- Developer: Coktel Vision
- Publisher: Sierra Online
- Platform: MS-DOS
- Release: 1993
- Genres: Adventure game, Space combat simulator

= Inca II: Wiracocha =

1993 video game

Inca II: Wiracocha, also released as Inca II: Nations of Immortality, is a 1993 video game developed by Coktel Vision for MS-DOS. It is the sequel of Inca, which places a war between the Incas and the Spaniards in space, 500 years into the future.

==Gameplay==
Like its predecessor, Inca II combines different genres including space combat simulator and adventure game. Some levels are purely shooting, some have maze exploration, or include inventory-based puzzles or riddles.

Game progress is marked with an autosave feature allowing the player to resume the game from any "chapter", or review any of the previously-seen cutscenes. In a few points of the game, the player is faced with a dilemma, which will affect the difficulty in the final battle of the game.

==Plot==
After the events of the first game, El Dorado has become Sapa Inca of the new Inca Empire and his Aclla has given him a son, Atahualpa. The beginning of the game is set in Machu Picchu where the player controls Prince Atahualpa in his Huarachico; the player can choose between an inventory-based puzzle, or a space simulator sequence where they are tasked to destroy moai-shaped statues.

Finally, Atahualpa is accepted to the Council where a mysterious merchant pilot Kelt Carrier reveals that Spaniard Lord Aguirre controls an asteroid which disrupts communications throughout the Empire. Atahualpa talks to the stranger abruptly, resulting to him being expelled from the council by his father. Then he is subverted by Dona Angelina to steal his father's Tumi-shaped spaceship and fight the Spaniards alone. This mindless act gives Aguirre the opportunity to declare a new war.

El Dorado and Carrier come to arrest Atahualpa and participate in the ensuing space battle, during which Atahualpa attempts to take control of Kelt Carrier's "Three-Master" and is killed when the ship is destroyed. The control shifts to El Dorado for the rest of the game.
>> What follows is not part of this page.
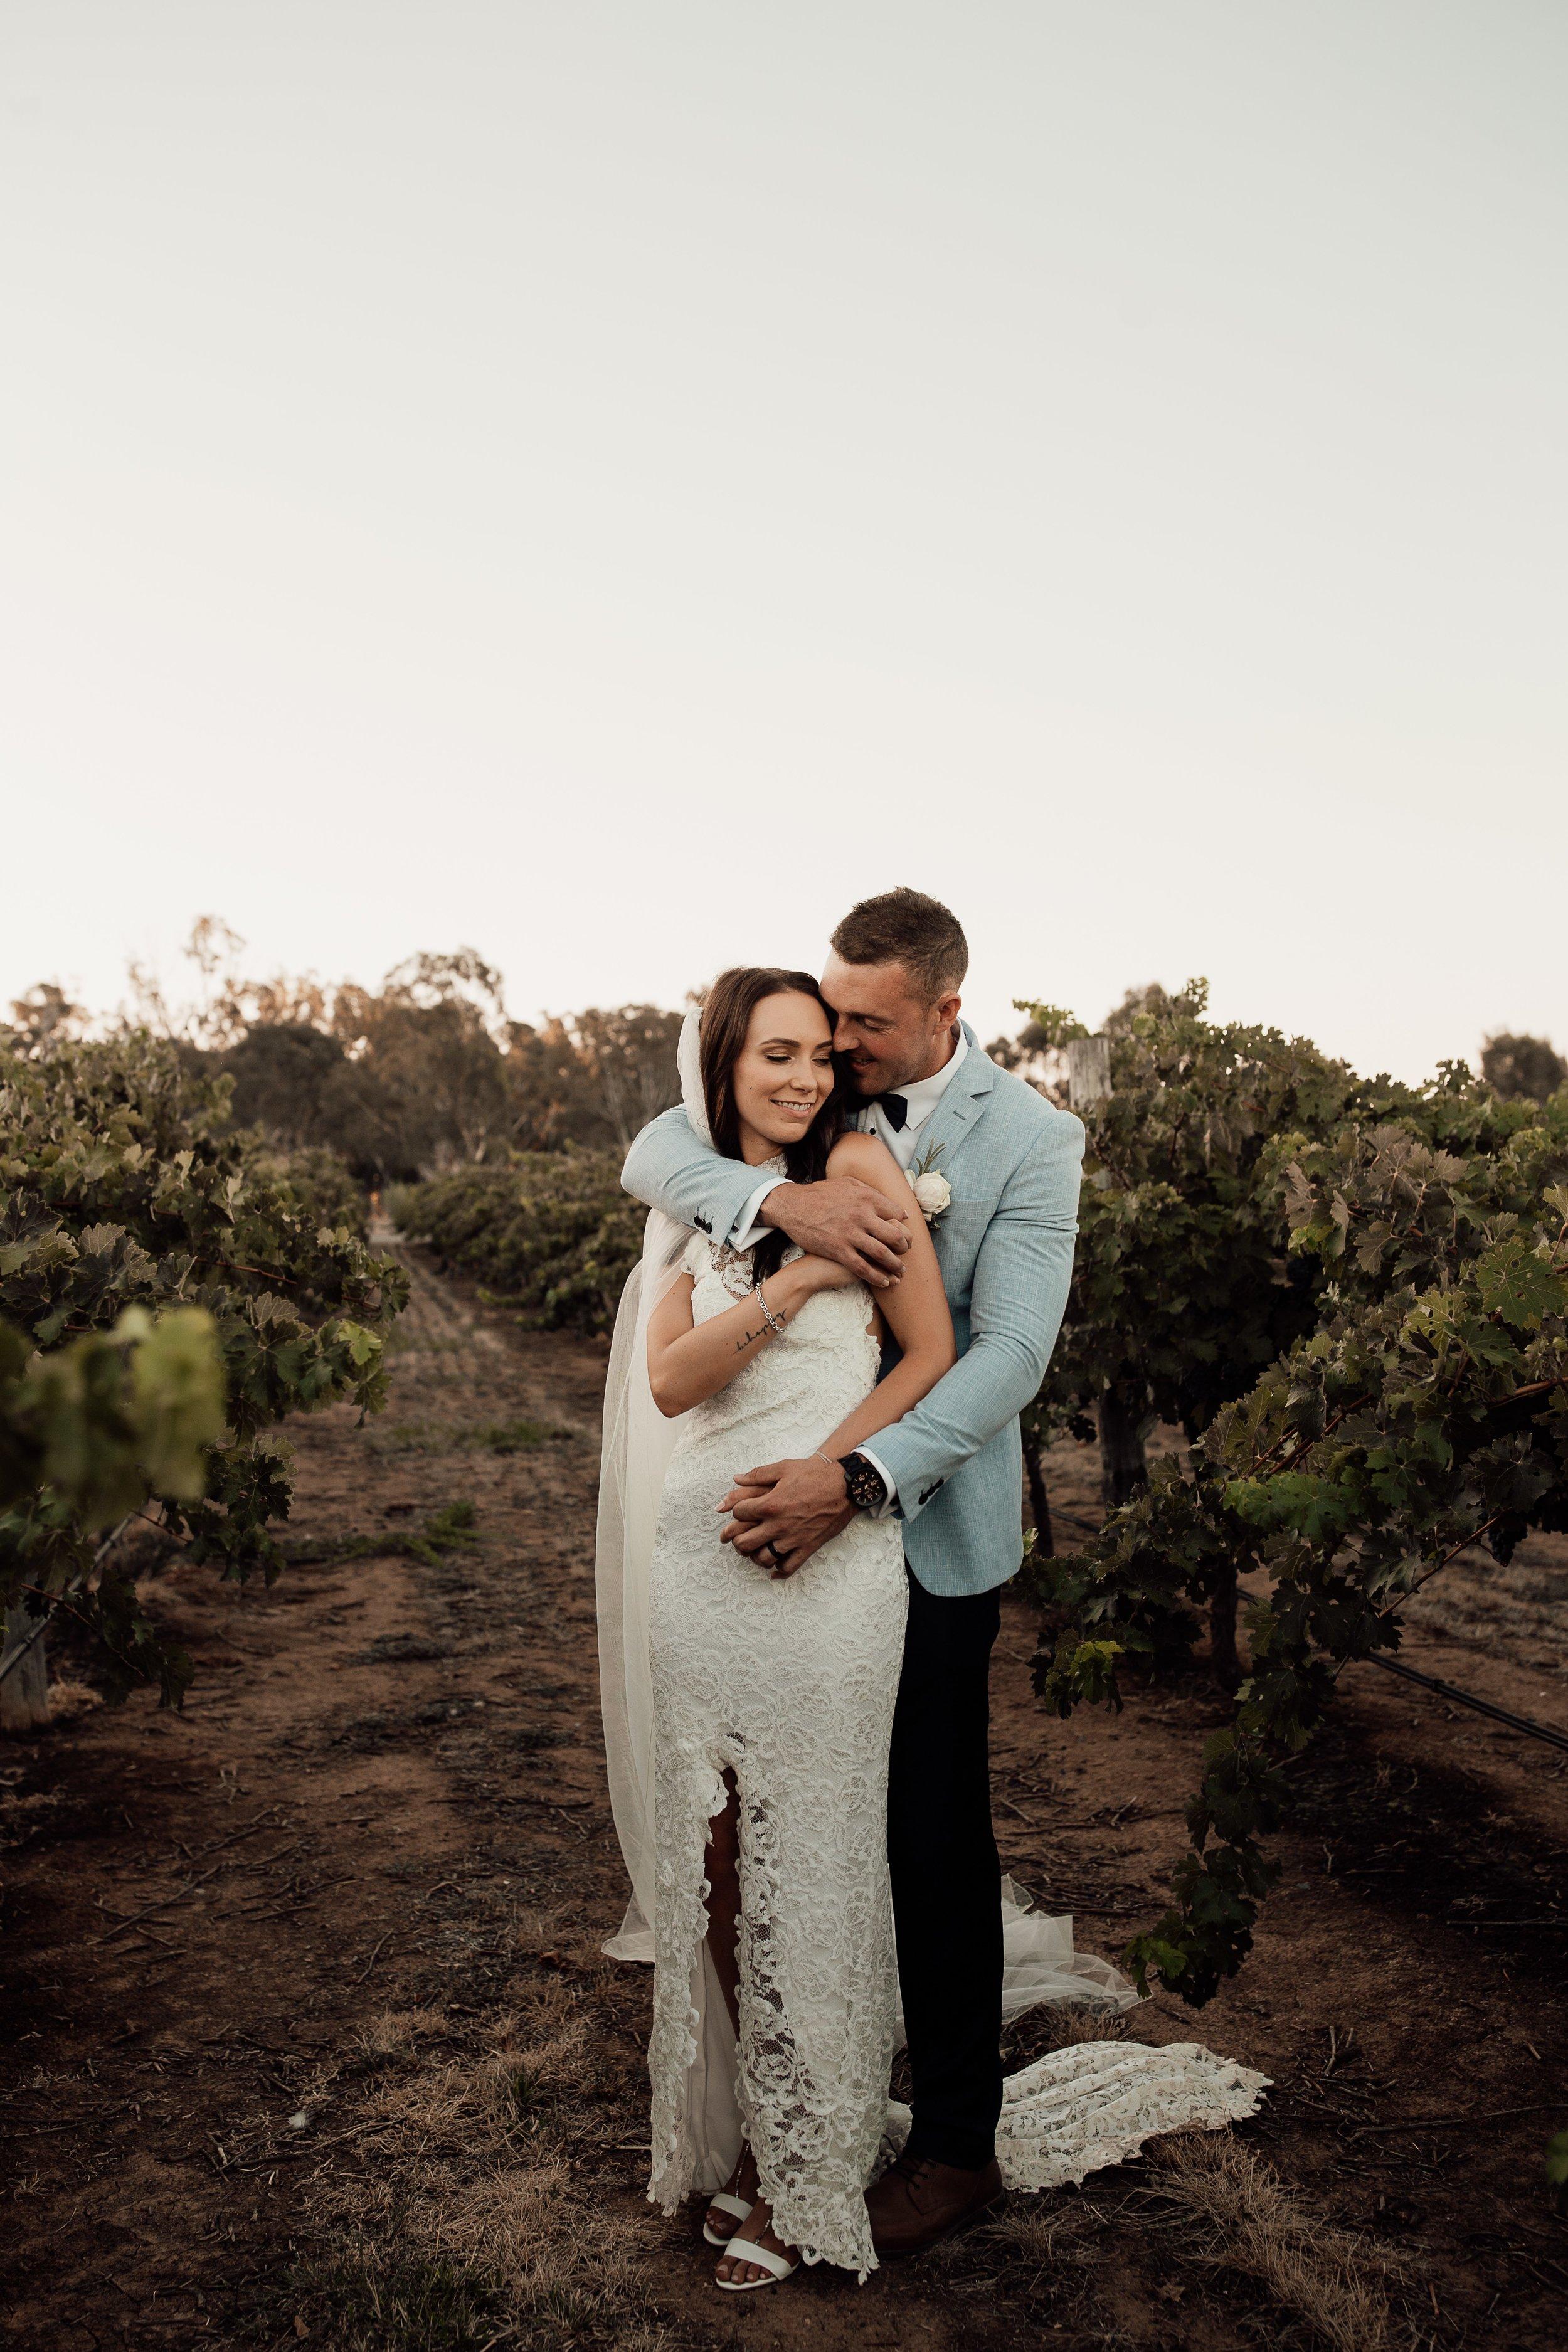 mickalathomas_puremacphotography_weddingphotographer_couplephotographer_Sheppartonphotographer_1475.jpg

Carrier leads El Dorado to Yuna, a hermit-astronomer in the Australian desert, who devises a plan for destroying Aguirre's asteroid. While there, they discover the plans of the "Boomerang", a legendary spacecraft. Carrier is assigned in building a fleet of Boomerangs as El Dorado travels to three planets in order to place the three Inca powers of the previous game, and visits a volcanic island named Ibis, and a planet that resembles Tibet where he seeks the help of a lama.

In the end, Carrier's fleet of Boomerangs diverts Aguirre's ships surrounding the asteroid, where El Dorado attempts to rescue Aclla, before destroying it.

==Reception==
Computer Gaming World liked Inca IIs graphics, action, and music but criticized the schizophrenic gameplay and a voice acting. It is included in the magazine's list of Worst Games of All Time, described as "incoherent" and criticized for its "uneven graphics and ridiculous premise". It was also included as #18 in the game list with Worst Back Story of All Time. Conversely, PC Gamer US offered Inca II a score of 81%.

James V. Trunzo reviewed Inca II in White Wolf #49 (Nov., 1994), rating it a 3 out of 5 and stated that "Inca II was designed in France; a European sense of humor certainly comes through. While this arcade adventure has several unique features and a few rally enjoyable segments [...] much of the game may strike you as bizarre. Inca II may, like its predecessor, garner a cult following. Everyone else is going to wonder what the heck the game is about."